Assignment ▸ From the data that follows, set down exactly the lines from the one with "8. Gravensteen (Bélgica)" through the one with "Дозатор Xiaomi Mijia", counting both. Pictures stay out.

Provided data ▸
======

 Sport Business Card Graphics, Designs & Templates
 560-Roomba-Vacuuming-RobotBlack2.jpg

======

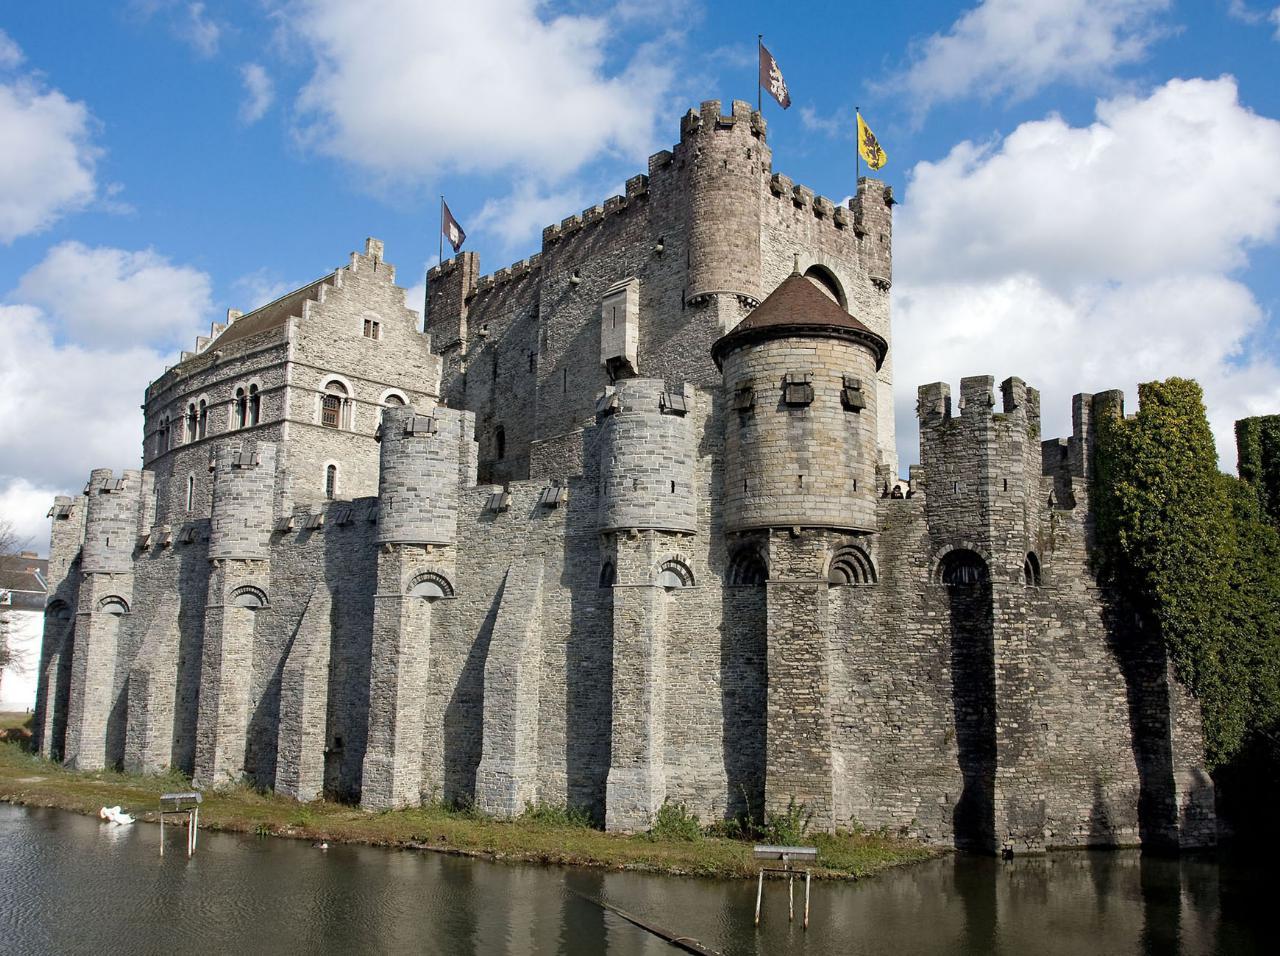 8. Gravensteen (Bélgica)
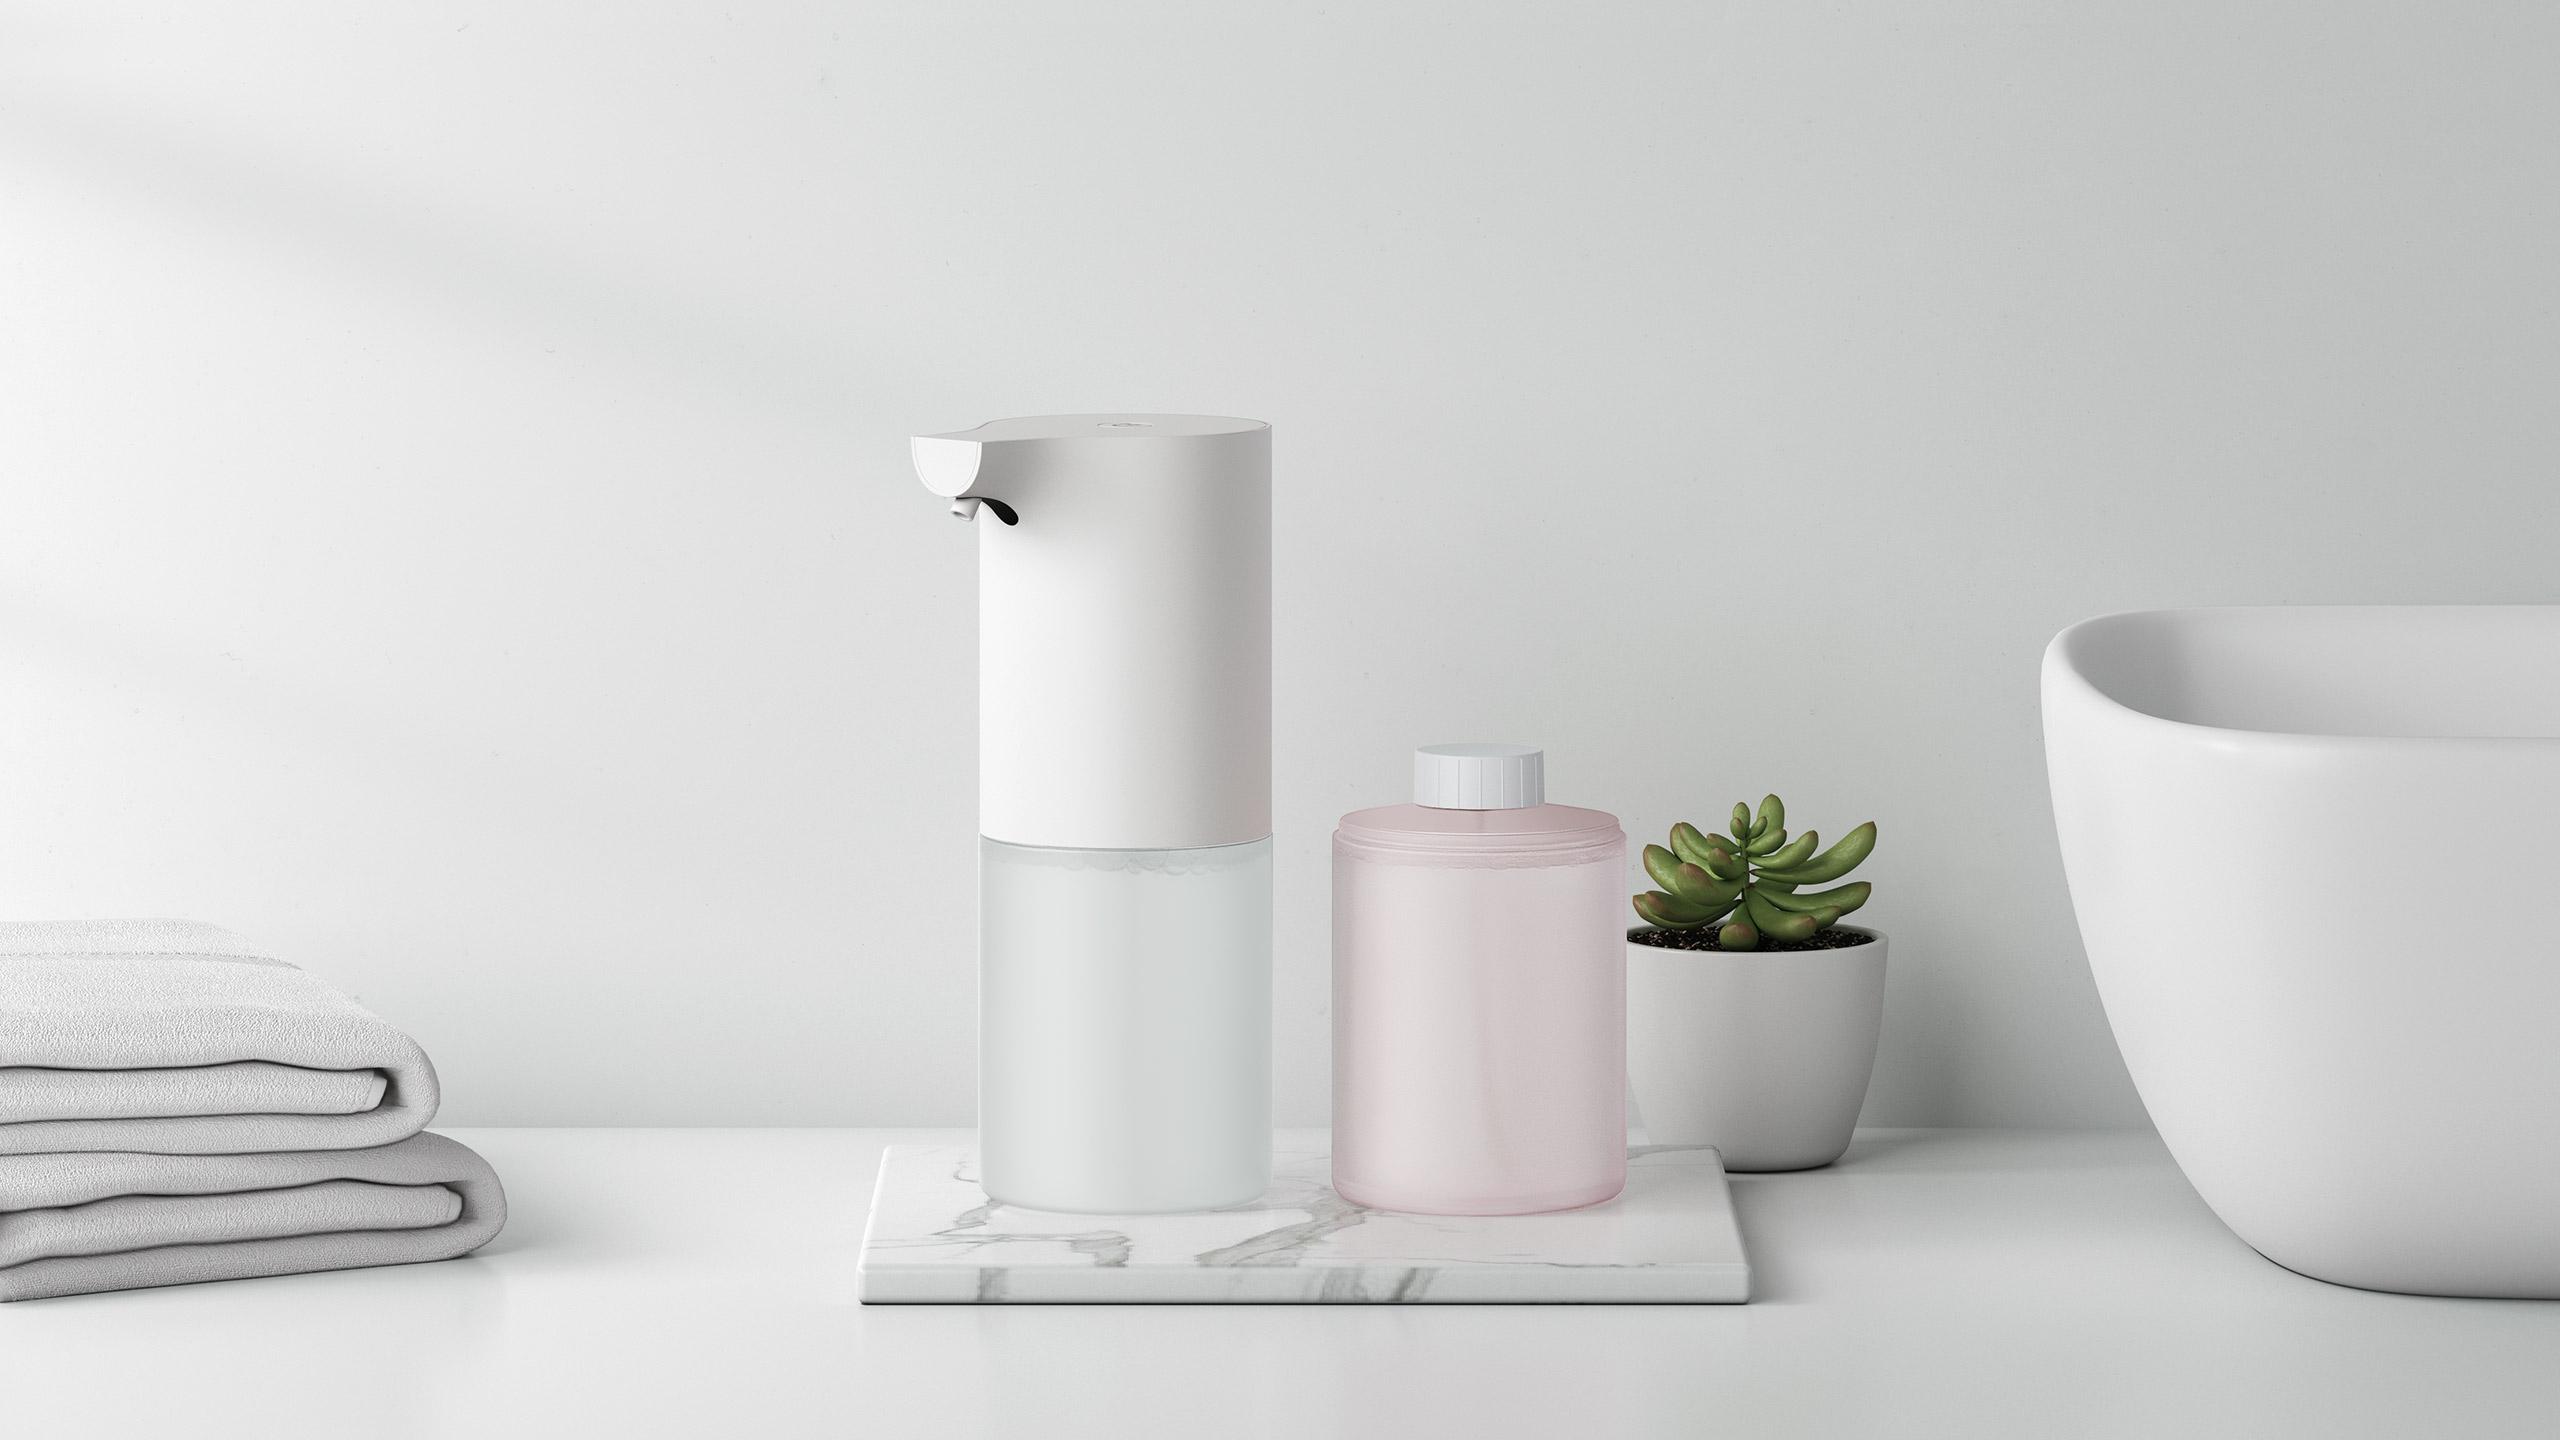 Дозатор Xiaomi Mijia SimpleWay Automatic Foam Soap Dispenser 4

======

Task answer ▸
 8. Gravensteen (Bélgica)
 Дозатор Xiaomi Mijia SimpleWay Automatic Foam Soap Dispenser 4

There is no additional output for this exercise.